Benefits a Rabbit Shed
- Size Sheds are bigger than hutches, and bigger is better when it comes to rabbit accommodation. A sheds provides plenty of room for toys and activities; the height allows for boxes and shelves for your rabbit to hop on and off.
- Easy to adapt Although some owners go all out creating sheds with insulation, heating and lighting most sheds need very little adaption to make good rabbit houses. In many ways they are already like giant hutches.
- Easy to find Finding a large rabbit hutch can be difficult, particularly if you dont want to buy online and pay expensive postage fees. Sheds are much easier to obtain as they are available in most local gardening and DIY stores. You can also pick them up second hand.
- Walk-In - Sheds are not just great for bunnies, they are good for owners too. Fed up of getting rained on when you want to talk to your rabbits? With a shed you can sit inside the shelter with them. Being able to sit down and interact with your rabbits will help you build a closer relationship.
What to look for in a shed
Although almost all sheds can be adapted for rabbits there are a few points to consider that might influence your choice.
- Size Even a small 6x4 shed is a nice size for rabbits. Before you go too large it is worth checking with your council is there are any restrictions on the size of the shed you are allowed in your garden.
- Construction Several different types of cladding (the wood covering the walls) is used on sheds. Tongue and groove and shiplap cladding are cut so they slot together to giving a smooth finish to the interior walls. Overlap cladding means the boards are fitted so each board slightly overlaps the one below like tiles on a house roof. This leaves unprotected edges inside the shed which are easy for a rabbit to get its teeth around and chew so will need lining with boards. This type of construction is cheaper but less sturdy. Have a look at sheds in your local shops to get a feel for the differences.

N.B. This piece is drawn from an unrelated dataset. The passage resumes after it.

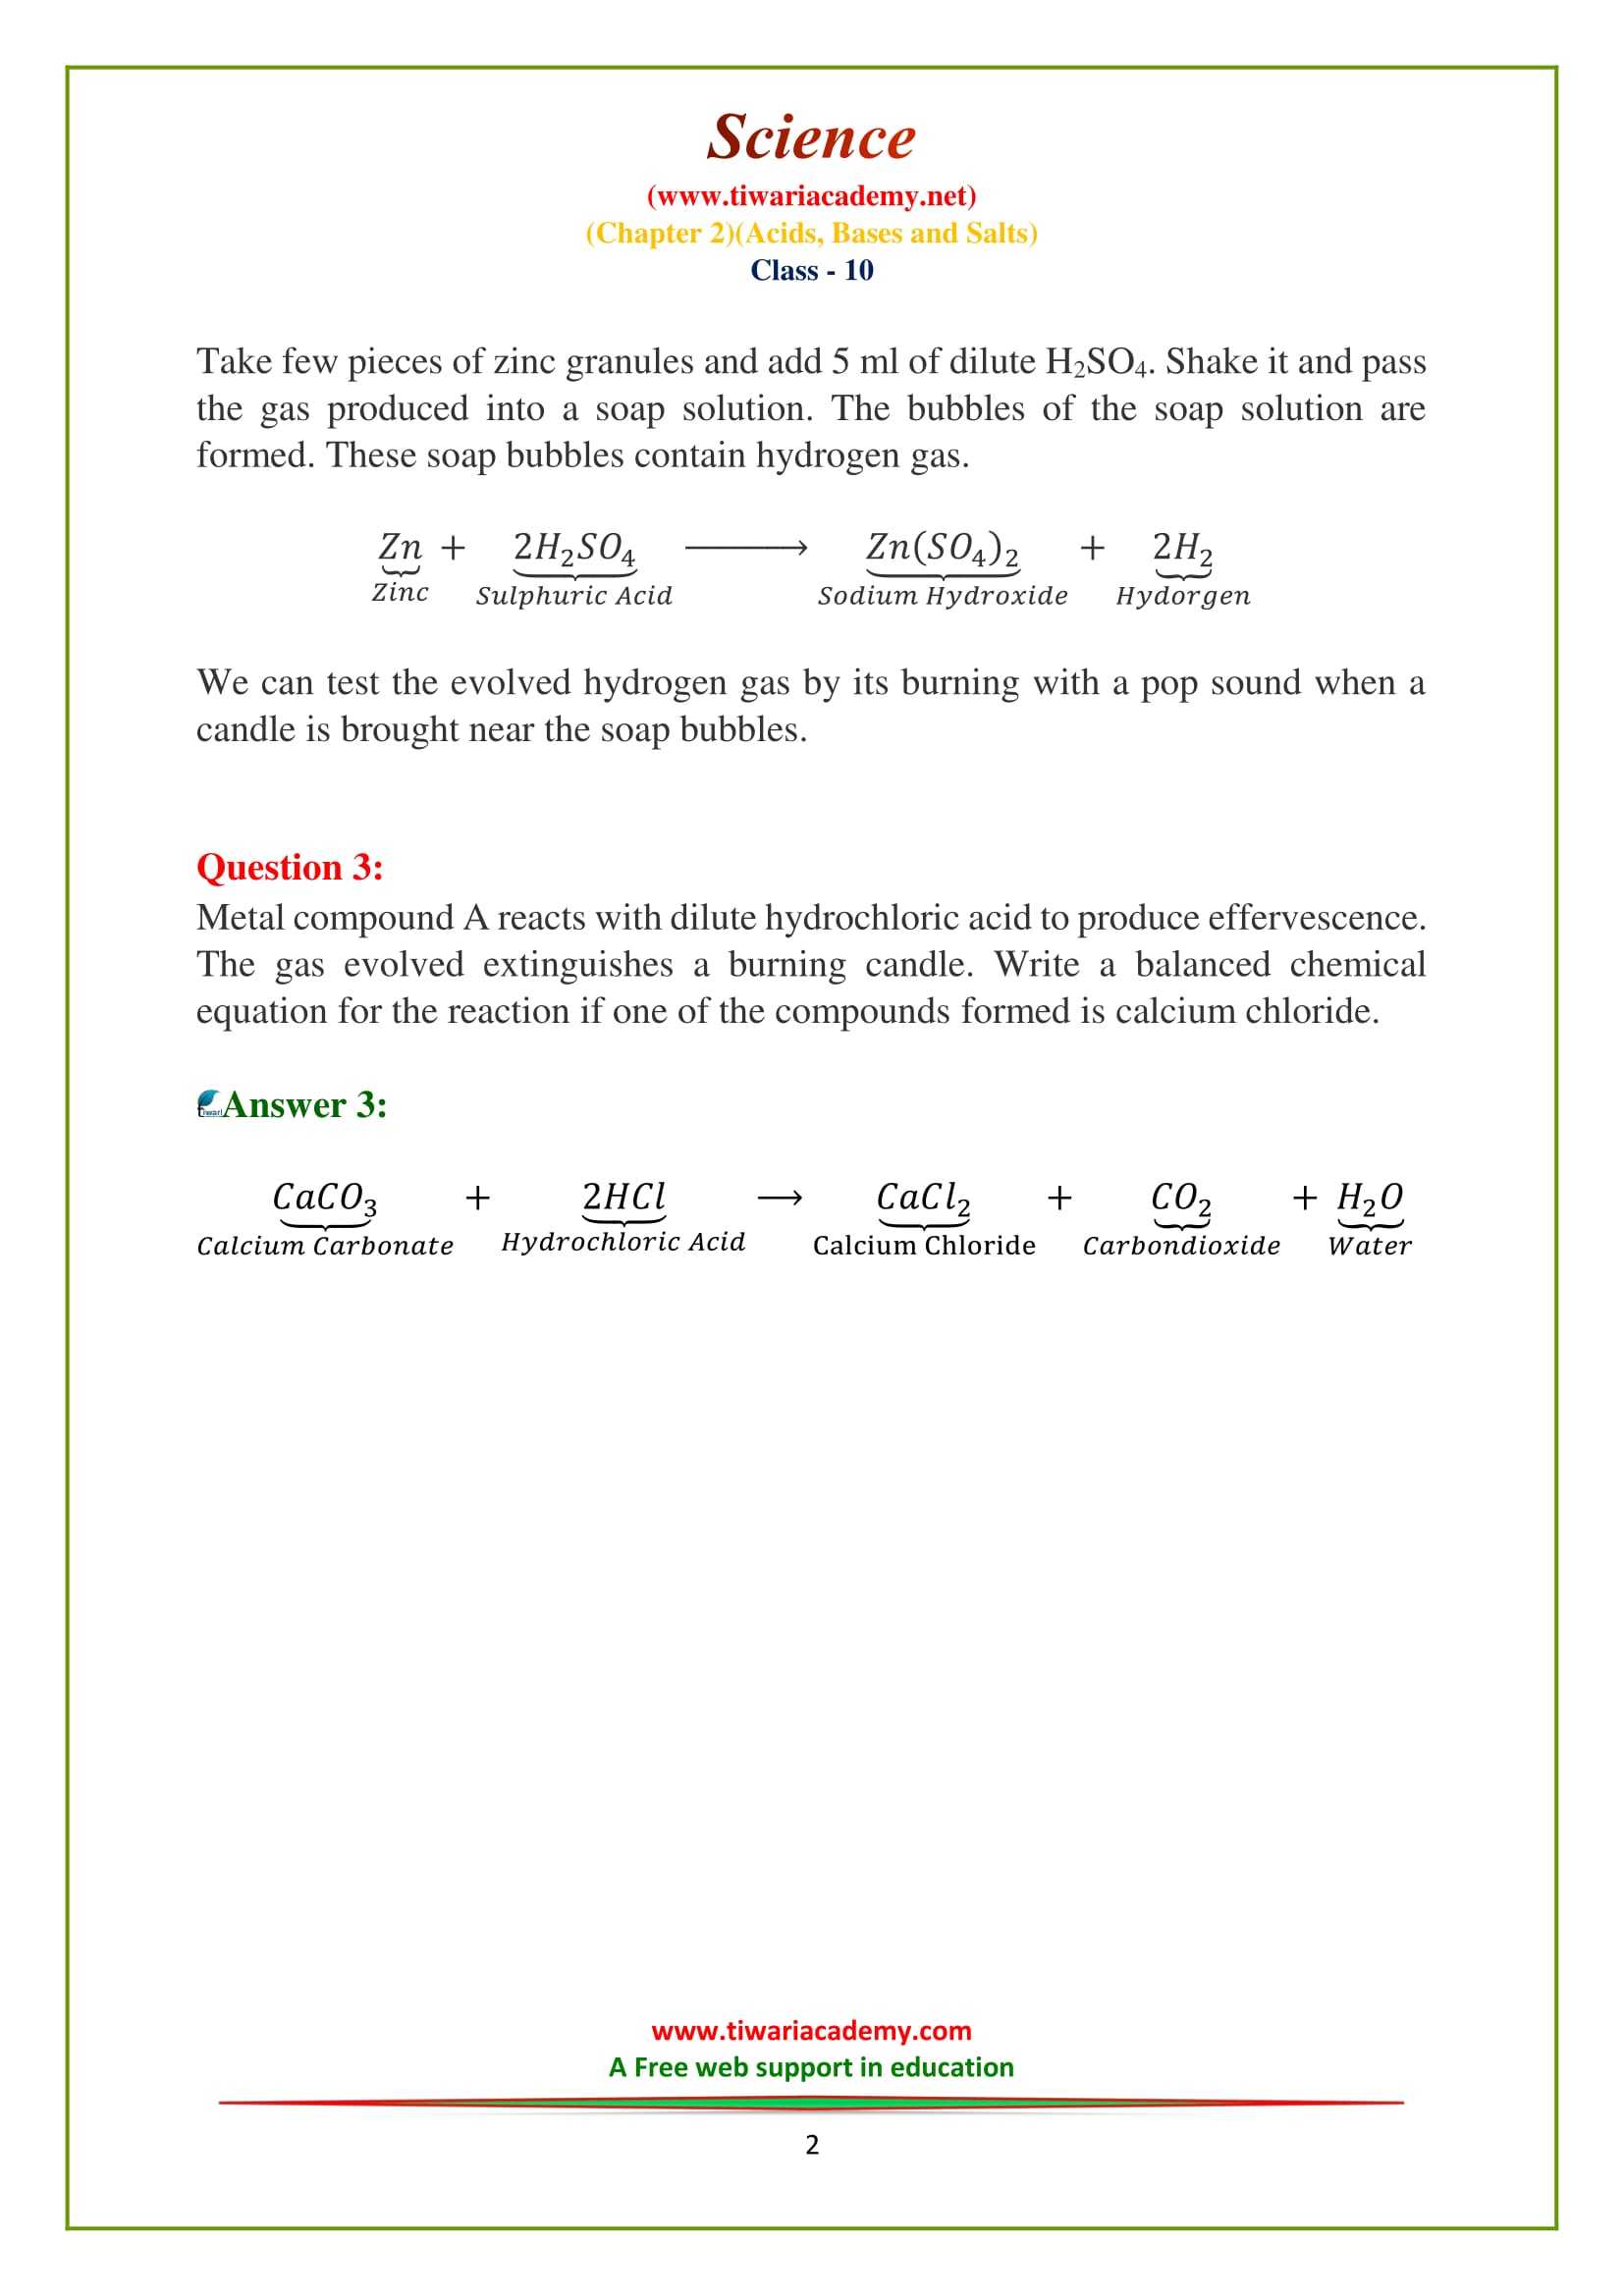 Balancing Chemical Equations Worksheet with Answers Grade 10 with Ncert solutions for Class 10 Science Chapter 2 Acids Bases & Salts

- Style Depending on your plans the type of shed may not make much difference but it is worth noting where the doors and windows are in relation to where you want to position your shed. If you plan to attach a run then consider which side of the shed it would be attached to and where the eaves are. Think about your plans for ventilation and light if there are windows do they open? If there are no windows you will need to do more adaptations (either adding a mesh door or a run) to give your rabbits access to light.
Adapting a Shed for Rabbits
There are several options for windows:
Permanently exchange glazing for mesh this provides plenty of ventilation but you will need to provide a shelter inside the shed for cold weather. You can also create covers for the windows to suit the season such as fly screen for summer and heavy duty tarp to increase heat retention in winter.

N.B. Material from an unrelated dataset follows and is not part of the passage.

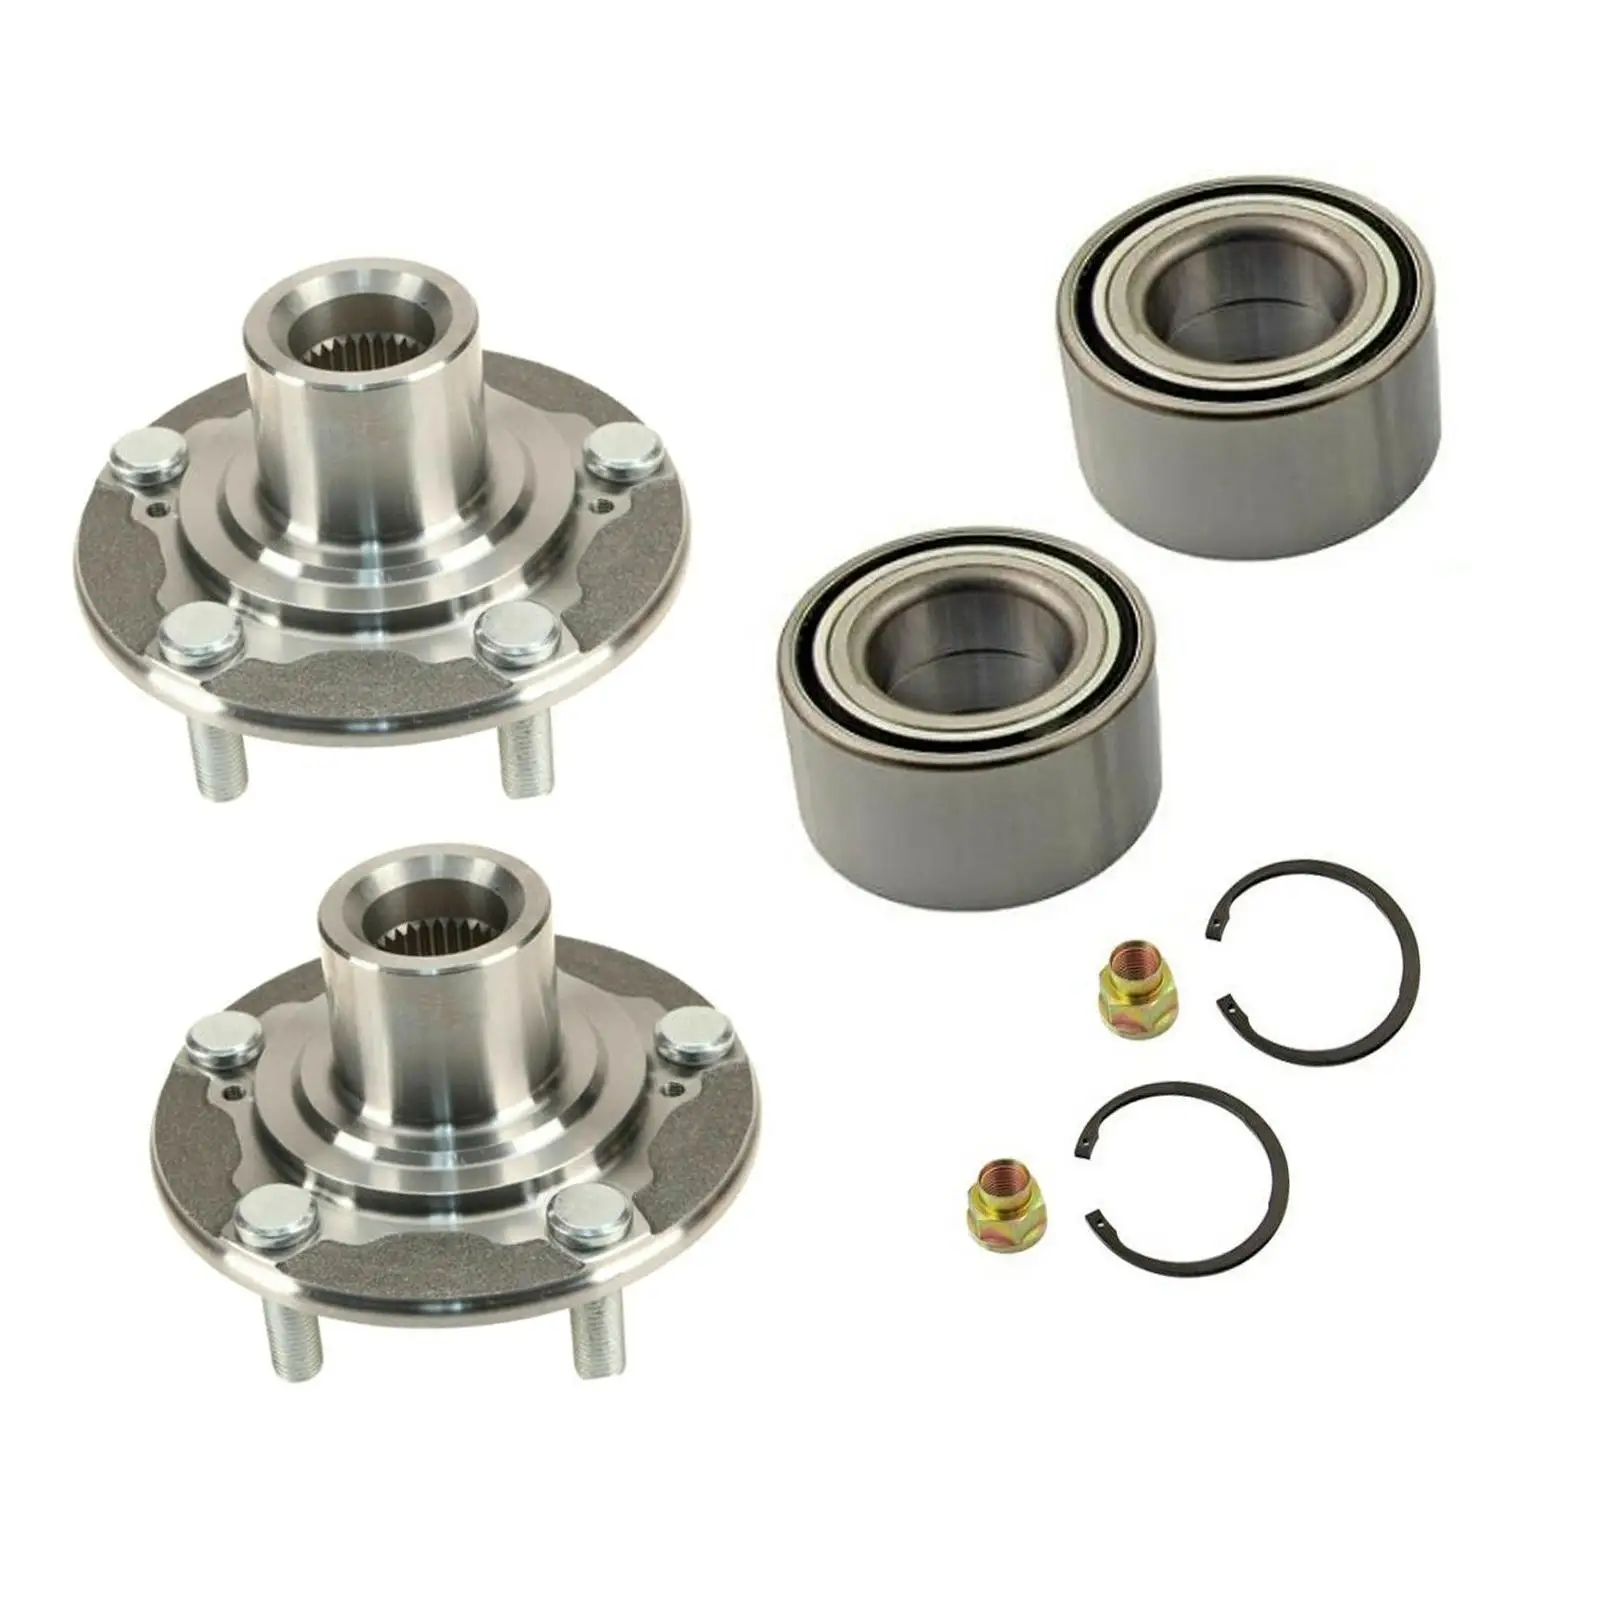 2x Front Wheel Hub and Bearing Repair Kits Professional Durable Easy to Install Spare Parts Left and Right for Honda Accord

Add a secondary mesh screen If your shed has opening windows then you can open them in hot weather for extra ventilation and fit a secondary mesh screen behind or over them for security (to prevent your rabbit getting out or anything getting in).
If you have no opening windows and want to keep the glazing you will need to provide alternative ventilation particular in summer when sun shining through windows can make the temperature rise inside.

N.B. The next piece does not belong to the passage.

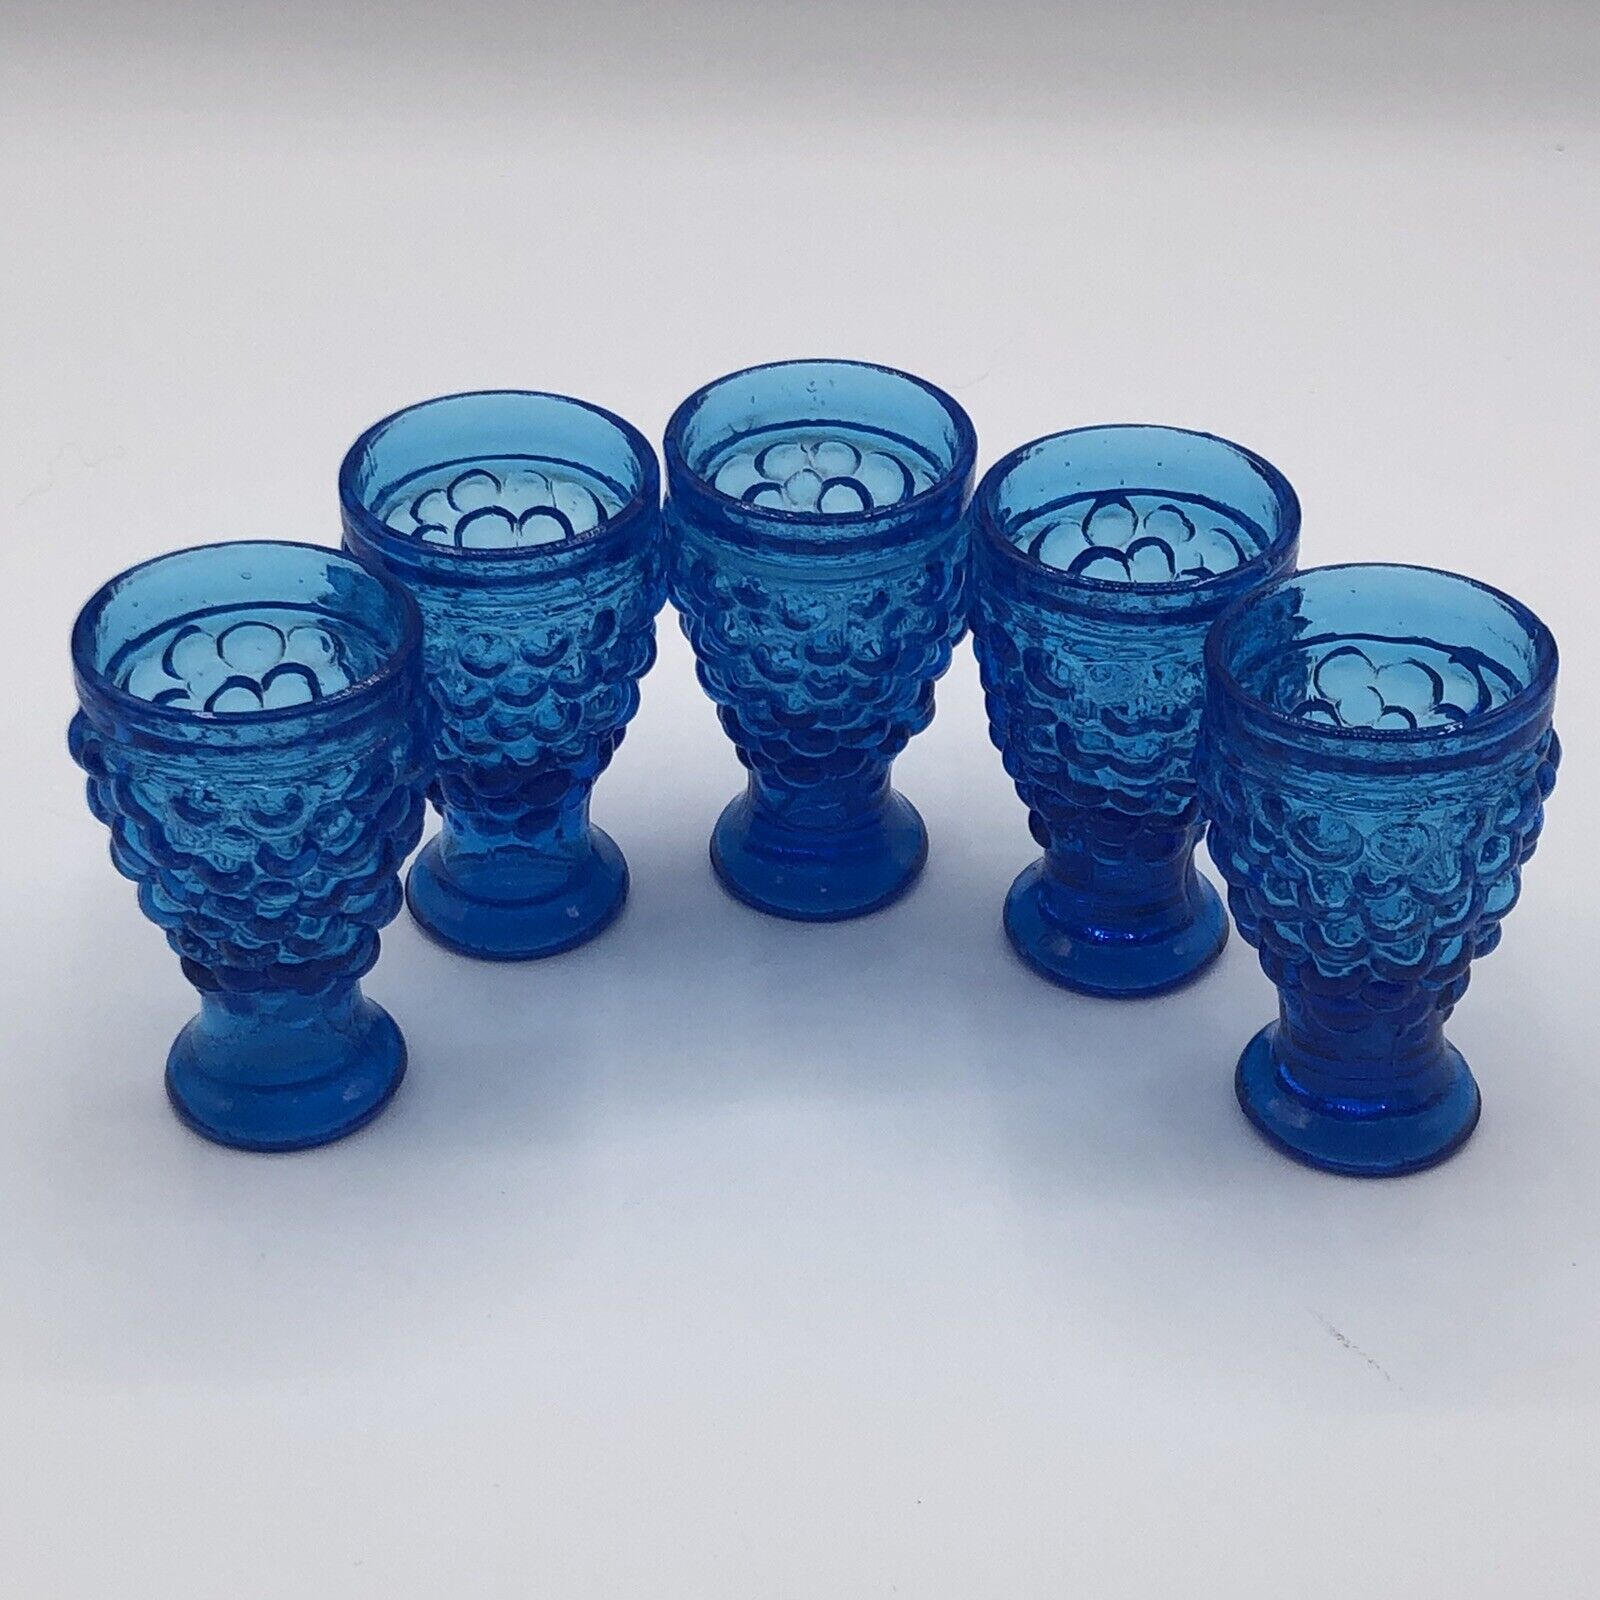 Vintage Set of 5 Blue Aperitif Cups 3” Tall Bar Ware Dinner Service

Your shed door will need a suitable lock for security. A bolt will prevent access from animals and a padlock can be added to prevent human intruders.
Because your rabbits will be on floor level, you may want to consider a low barrier that you can step over but will stop your rabbits immediately running out when you open the door.
An internal screen door is a useful addition to a rabbit shed. This is a door made of mesh that fits inside the solid door, allowing you to open the main door for ventilation whilst keeping your rabbits securely contained. A simple wooden frame, covered in mesh is all you need. Another alternative is a stable door, with a mesh screen just covering the top section.
Fitting lino over the shed floor will make cleaning much easier and protect the wood from litter tray accidents. Wooden battens around the edges will stop your rabbit digging up the corners. Small pieces of lino can often be obtained cheaply from the ends of rolls if you ask in store.
If your shed has overlap cladding you may need to protect it from rabbit teeth by lining the walls. This is easily done by screwing boards to the upright battens. You only need to go as high as your rabbit can reach. The same technique can be used to insulate the shed walls. Fill the gap created between the external cladding and the boards with insulating material such as polystyrene or house insulation - see insulating sheds. If you are not fitting boarding to the walls then you may want to protect the corners of the upright battens in the shed either with scrap pieces of wood nailed on or corner protectors sold for doorframes.
You can maximise your use of space by adding a shelf. Rabbits like to sit up high and will particularly like access to look out windows. You can buy readymade shelves or build your own. Depending on the height of the shelf you may need to add a ramp or a box as a step up and down. You could also add a high shelf for storing food and equipment.
Although a shed is a great space, you rabbit will still need access to a run. A good way to achieve this is by fixing a run to the side of your shed and then adding a cat flap between.